STF mantém aumento de pena para crimes contra a honra de servidor público

Atualizado em 5 de fevereiro de 2026 às 20:22
O Supremo Tribunal Federal em sessão. Foto: Rosinei Coutinho/STF

O Supremo Tribunal Federal manteve a validade do dispositivo do Código Penal que prevê aumento de pena para crimes contra a honra cometidos contra servidor público em razão do exercício da função. O julgamento da Arguição de Descumprimento de Preceito Fundamental (ADPF) 338 foi concluído nesta quinta-feira (5).

A ação foi proposta pelo Partido Progressista (PP) contra o artigo 141, inciso II, do Código Penal, que amplia em um terço a pena nos crimes de calúnia, injúria ou difamação quando praticados contra funcionários públicos no exercício do cargo. Segundo o partido, a norma poderia restringir o direito de crítica e violar a liberdade de expressão.

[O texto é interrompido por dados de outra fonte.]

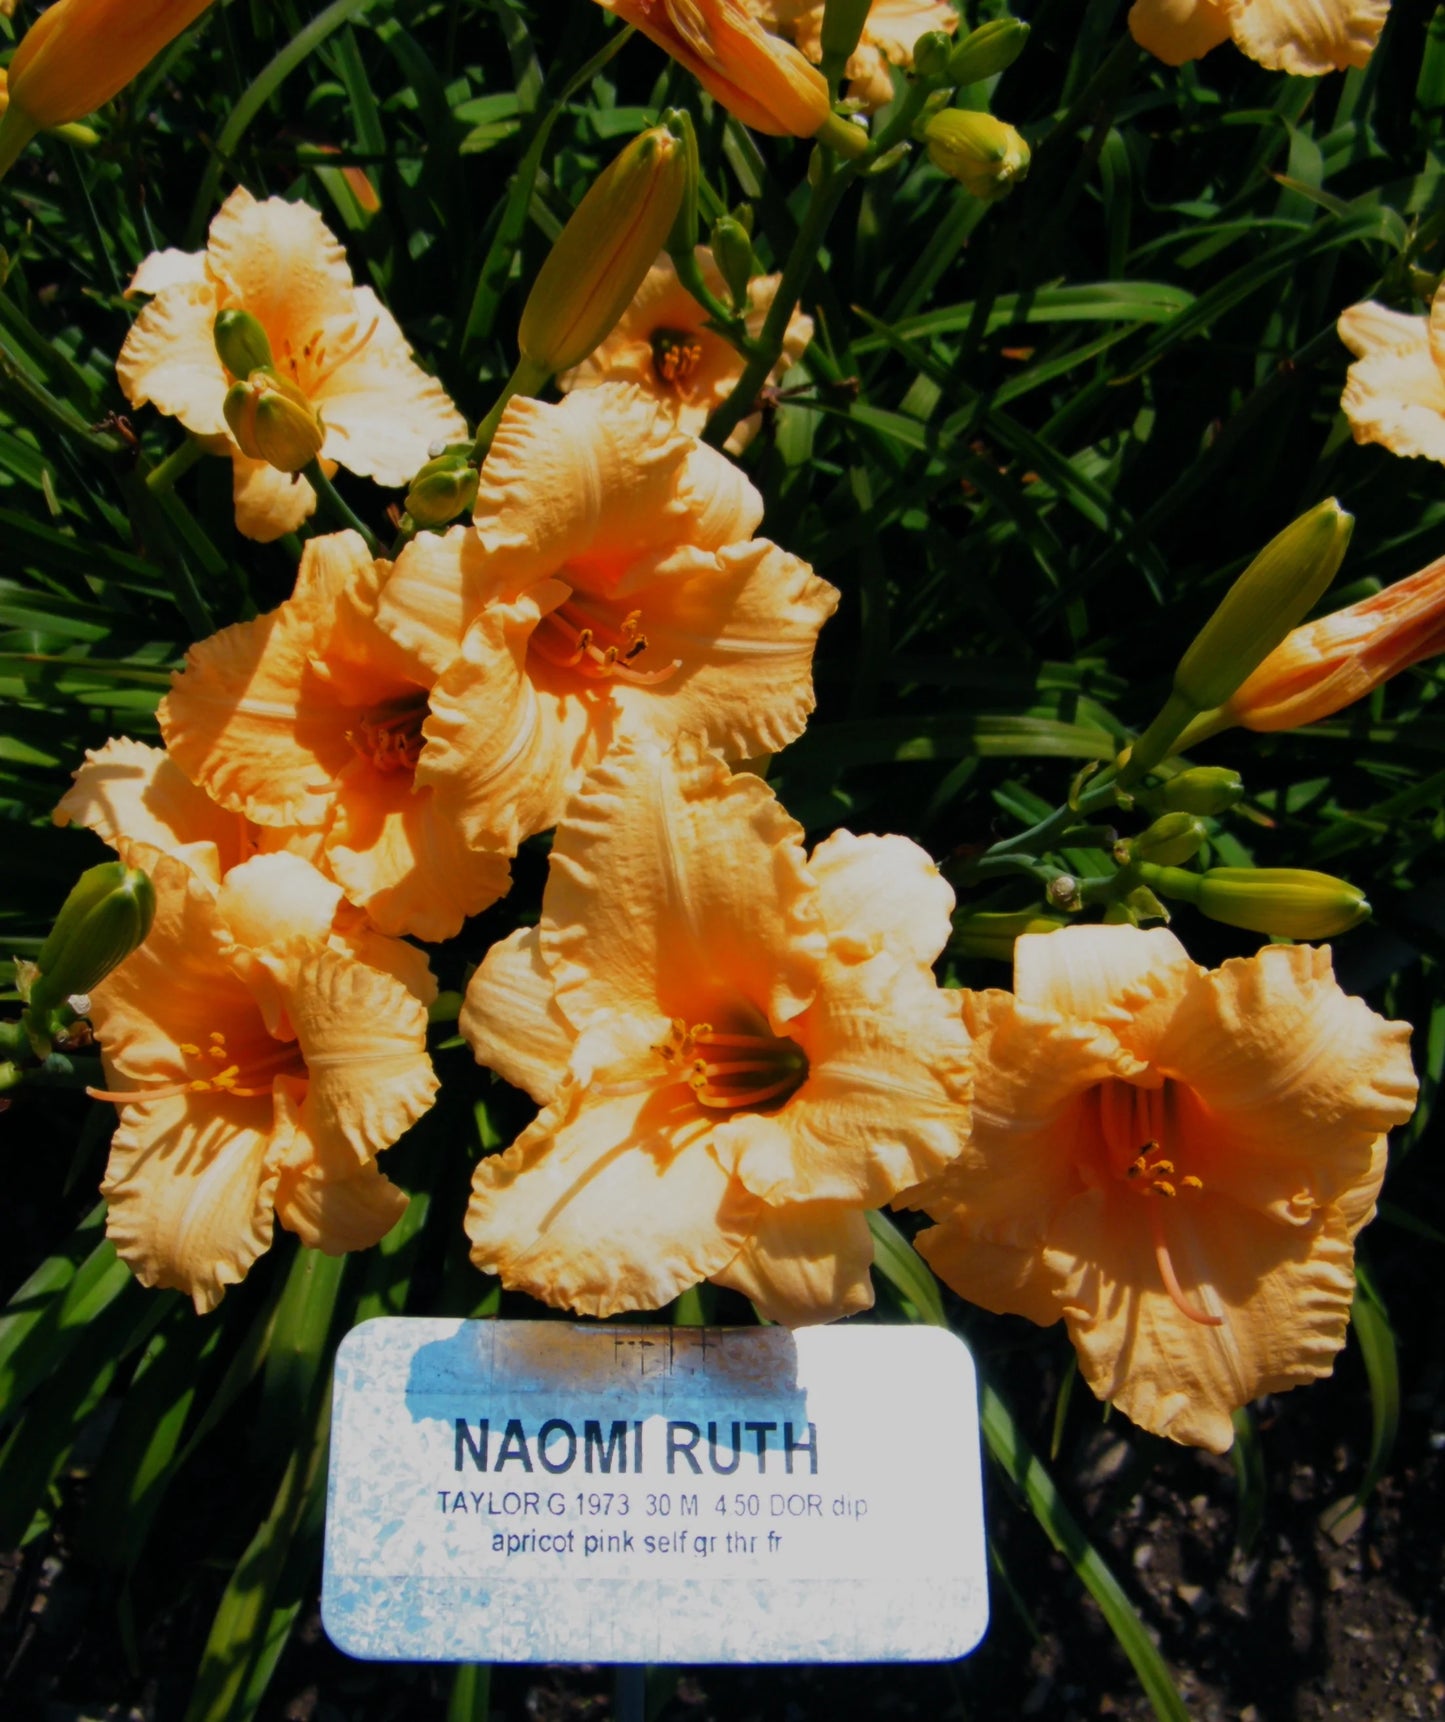 NAOMI RUTH

Em maio do ano passado, o relator do processo, o ministro aposentado Luís Roberto Barroso, votou pela procedência parcial da ação, defendendo a manutenção do aumento de pena apenas para o crime de calúnia.

Prevaleceu, contudo, a divergência aberta pelo ministro Flávio Dino, para quem não há inconstitucionalidade na regra. Segundo ele, embora servidores públicos estejam mais expostos a críticas, essas manifestações não podem configurar crimes.

Durante o julgamento, o ministro Nunes Marques afirmou que a norma não impede o direito de crítica aos agentes públicos. “Não há crime contra a honra na hipótese do exercício de crítica dirigida contra o servidor, ainda que de forma ácida, rude ou grosseira”, declarou ao acompanhar a corrente vencedora.

A maioria foi formada pelos ministros Flávio Dino, Cristiano Zanin, Nunes Marques, Alexandre de Moraes, Dias Toffoli e Gilmar Mendes. Ficaram vencidos, total ou parcialmente, os ministros Luís Roberto Barroso, Cármen Lúcia, André Mendonça e Edson Fachin.